_EXERCISE DATA:_
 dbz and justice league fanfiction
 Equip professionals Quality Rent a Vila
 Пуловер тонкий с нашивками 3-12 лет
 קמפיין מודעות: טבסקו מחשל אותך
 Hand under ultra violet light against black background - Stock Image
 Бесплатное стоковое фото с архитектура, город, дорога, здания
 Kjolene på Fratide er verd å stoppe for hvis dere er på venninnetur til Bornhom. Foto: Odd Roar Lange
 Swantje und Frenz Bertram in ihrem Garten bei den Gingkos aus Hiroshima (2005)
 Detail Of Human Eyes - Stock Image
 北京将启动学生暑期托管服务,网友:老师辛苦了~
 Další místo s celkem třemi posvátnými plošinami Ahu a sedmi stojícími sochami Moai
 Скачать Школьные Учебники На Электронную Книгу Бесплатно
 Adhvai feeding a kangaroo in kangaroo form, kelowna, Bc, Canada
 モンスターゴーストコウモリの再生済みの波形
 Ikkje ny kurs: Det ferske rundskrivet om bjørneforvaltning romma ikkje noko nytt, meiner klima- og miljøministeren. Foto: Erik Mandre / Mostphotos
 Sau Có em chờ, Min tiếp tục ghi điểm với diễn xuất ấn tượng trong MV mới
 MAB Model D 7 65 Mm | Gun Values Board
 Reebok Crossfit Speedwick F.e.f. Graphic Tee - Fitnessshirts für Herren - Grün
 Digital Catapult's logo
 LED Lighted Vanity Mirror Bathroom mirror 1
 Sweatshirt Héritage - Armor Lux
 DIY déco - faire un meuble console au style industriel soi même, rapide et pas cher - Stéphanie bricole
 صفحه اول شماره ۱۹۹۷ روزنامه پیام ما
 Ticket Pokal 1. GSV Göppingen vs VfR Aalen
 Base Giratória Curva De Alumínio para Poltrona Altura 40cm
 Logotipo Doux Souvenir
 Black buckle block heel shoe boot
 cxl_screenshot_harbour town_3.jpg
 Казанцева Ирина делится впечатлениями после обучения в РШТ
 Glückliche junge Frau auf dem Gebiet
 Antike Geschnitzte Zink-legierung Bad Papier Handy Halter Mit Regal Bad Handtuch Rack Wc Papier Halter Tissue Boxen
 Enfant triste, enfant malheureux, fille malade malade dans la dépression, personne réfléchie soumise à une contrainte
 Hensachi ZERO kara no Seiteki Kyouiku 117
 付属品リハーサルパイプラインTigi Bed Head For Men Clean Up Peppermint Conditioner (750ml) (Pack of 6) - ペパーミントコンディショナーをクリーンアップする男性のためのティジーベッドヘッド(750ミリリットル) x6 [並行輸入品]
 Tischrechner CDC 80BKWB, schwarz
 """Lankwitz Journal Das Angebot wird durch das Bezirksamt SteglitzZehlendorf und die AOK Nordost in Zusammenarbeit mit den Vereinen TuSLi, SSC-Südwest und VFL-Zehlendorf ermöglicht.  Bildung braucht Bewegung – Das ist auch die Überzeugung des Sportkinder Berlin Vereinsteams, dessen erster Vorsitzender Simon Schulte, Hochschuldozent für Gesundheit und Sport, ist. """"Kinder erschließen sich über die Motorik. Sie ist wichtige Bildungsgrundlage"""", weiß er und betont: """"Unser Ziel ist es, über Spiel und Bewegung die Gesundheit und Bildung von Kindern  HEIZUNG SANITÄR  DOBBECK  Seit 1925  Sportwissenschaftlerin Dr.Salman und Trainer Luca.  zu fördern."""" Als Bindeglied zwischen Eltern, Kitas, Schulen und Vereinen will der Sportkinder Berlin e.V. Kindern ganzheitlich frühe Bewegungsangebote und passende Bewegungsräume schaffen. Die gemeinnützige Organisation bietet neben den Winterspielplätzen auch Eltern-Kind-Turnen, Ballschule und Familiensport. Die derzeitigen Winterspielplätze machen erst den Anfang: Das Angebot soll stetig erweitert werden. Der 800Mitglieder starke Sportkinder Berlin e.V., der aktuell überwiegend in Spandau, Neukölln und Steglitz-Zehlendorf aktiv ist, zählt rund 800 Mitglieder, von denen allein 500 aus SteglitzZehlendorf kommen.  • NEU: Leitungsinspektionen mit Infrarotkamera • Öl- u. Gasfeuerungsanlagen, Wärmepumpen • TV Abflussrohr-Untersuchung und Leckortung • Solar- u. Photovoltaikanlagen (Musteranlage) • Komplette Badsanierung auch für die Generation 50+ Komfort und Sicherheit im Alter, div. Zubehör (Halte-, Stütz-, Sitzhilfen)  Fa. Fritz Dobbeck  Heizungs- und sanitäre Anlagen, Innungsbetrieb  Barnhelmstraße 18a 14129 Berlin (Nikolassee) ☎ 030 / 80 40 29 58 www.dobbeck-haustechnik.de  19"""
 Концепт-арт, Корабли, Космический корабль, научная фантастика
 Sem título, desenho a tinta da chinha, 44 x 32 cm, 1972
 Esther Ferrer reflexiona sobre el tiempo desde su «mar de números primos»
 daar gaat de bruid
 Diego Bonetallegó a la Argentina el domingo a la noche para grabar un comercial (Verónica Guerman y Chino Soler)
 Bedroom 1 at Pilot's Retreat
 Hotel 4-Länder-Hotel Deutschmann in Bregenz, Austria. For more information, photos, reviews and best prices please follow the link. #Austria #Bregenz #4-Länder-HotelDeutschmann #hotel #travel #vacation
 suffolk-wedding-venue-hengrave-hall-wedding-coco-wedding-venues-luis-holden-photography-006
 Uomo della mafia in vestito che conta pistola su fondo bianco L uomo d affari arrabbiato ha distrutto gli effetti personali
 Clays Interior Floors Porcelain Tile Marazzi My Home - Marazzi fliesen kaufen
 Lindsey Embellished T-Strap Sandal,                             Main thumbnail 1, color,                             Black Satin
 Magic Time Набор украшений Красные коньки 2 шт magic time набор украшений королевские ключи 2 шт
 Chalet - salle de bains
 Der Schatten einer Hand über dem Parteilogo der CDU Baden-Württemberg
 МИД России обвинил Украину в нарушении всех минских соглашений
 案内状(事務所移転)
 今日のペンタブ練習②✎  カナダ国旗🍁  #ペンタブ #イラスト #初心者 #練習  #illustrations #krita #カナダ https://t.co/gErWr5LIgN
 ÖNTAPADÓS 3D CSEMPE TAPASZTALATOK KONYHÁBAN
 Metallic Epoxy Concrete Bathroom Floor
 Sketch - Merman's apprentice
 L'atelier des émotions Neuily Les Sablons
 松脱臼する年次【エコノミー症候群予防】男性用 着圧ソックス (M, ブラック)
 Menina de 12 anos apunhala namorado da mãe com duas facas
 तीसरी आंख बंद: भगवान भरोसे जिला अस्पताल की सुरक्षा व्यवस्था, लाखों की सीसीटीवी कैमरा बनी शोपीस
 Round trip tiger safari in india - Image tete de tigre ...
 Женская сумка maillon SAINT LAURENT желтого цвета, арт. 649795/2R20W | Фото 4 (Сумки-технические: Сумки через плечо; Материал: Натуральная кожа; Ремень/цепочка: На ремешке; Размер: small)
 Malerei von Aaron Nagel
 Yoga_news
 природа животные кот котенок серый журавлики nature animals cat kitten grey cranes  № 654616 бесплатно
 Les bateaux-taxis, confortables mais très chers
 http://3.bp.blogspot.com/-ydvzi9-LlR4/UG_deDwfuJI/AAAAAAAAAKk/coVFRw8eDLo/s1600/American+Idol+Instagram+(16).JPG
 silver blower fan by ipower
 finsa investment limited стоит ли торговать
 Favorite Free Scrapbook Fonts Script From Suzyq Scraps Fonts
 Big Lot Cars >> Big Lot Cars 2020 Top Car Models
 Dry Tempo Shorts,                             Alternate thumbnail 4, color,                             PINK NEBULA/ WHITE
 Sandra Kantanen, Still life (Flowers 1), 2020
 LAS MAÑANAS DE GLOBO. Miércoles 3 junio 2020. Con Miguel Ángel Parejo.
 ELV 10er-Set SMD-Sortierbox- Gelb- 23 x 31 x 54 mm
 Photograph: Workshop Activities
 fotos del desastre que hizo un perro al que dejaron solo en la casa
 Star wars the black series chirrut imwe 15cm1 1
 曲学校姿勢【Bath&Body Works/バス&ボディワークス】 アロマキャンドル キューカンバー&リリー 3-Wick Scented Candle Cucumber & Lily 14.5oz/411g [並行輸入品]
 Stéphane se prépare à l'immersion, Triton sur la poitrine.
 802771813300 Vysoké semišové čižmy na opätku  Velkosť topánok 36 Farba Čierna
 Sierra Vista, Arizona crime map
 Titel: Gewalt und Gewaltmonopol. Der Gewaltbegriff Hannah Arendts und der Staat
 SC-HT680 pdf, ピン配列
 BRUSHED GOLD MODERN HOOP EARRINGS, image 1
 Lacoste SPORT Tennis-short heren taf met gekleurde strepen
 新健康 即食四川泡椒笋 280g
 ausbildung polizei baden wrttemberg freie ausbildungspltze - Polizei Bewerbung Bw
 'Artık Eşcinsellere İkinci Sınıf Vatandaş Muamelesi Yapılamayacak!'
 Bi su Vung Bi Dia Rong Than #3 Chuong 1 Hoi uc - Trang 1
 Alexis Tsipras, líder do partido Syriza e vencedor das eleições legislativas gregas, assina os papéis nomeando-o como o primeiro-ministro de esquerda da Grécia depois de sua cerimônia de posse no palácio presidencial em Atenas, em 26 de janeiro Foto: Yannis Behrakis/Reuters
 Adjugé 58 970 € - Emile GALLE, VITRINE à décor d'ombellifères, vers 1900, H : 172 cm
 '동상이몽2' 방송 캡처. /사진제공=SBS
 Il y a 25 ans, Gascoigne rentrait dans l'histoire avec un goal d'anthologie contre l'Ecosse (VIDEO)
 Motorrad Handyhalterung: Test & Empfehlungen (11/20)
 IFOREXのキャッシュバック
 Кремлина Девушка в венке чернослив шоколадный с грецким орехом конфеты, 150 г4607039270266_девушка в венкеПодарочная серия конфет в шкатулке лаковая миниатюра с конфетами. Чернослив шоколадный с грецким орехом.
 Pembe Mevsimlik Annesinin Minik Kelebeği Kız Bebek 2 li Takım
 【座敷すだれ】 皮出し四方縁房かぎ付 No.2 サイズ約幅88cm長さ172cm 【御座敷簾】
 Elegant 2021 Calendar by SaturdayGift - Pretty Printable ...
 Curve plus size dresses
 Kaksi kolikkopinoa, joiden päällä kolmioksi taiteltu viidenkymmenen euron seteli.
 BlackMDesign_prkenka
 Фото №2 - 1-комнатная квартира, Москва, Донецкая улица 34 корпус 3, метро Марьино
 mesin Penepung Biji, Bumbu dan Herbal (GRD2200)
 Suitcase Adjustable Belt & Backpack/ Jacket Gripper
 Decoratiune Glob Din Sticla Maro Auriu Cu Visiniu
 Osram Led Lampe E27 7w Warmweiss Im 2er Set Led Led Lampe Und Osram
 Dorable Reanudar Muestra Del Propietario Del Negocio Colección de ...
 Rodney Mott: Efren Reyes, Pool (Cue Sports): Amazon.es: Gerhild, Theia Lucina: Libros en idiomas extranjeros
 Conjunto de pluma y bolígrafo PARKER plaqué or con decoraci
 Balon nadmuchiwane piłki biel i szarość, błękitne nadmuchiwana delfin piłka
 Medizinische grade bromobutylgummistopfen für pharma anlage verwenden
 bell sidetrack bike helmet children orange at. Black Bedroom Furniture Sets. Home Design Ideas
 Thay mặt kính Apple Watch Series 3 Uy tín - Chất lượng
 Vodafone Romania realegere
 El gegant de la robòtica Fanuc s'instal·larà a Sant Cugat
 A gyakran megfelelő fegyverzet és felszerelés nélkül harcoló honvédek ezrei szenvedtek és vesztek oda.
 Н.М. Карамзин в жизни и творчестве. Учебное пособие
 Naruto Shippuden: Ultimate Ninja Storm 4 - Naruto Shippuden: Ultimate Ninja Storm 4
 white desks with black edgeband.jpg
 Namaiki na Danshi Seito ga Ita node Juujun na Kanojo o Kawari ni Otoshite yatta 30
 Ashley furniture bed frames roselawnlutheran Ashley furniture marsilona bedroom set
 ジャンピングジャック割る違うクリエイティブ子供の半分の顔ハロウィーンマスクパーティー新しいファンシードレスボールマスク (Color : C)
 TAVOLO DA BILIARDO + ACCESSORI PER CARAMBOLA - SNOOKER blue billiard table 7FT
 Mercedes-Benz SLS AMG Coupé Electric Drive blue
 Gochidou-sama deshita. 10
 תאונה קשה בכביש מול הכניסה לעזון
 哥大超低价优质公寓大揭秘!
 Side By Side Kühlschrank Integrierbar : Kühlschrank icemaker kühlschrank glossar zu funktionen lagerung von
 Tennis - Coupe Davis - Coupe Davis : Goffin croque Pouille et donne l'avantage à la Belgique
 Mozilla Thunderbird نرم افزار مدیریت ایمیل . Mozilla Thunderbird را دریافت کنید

_TASK ITEM:_ Scan the entries above for the line containing "तीसरी आंख बंद: भगवान", and copy it and all lines after it exactly, down to and including the line containing "Favorite Free Scrapbook".

_RESULT FOR THIS TASK:_
 तीसरी आंख बंद: भगवान भरोसे जिला अस्पताल की सुरक्षा व्यवस्था, लाखों की सीसीटीवी कैमरा बनी शोपीस
 Round trip tiger safari in india - Image tete de tigre ...
 Женская сумка maillon SAINT LAURENT желтого цвета, арт. 649795/2R20W | Фото 4 (Сумки-технические: Сумки через плечо; Материал: Натуральная кожа; Ремень/цепочка: На ремешке; Размер: small)
 Malerei von Aaron Nagel
 Yoga_news
 природа животные кот котенок серый журавлики nature animals cat kitten grey cranes  № 654616 бесплатно
 Les bateaux-taxis, confortables mais très chers
 http://3.bp.blogspot.com/-ydvzi9-LlR4/UG_deDwfuJI/AAAAAAAAAKk/coVFRw8eDLo/s1600/American+Idol+Instagram+(16).JPG
 silver blower fan by ipower
 finsa investment limited стоит ли торговать
 Favorite Free Scrapbook Fonts Script From Suzyq Scraps Fonts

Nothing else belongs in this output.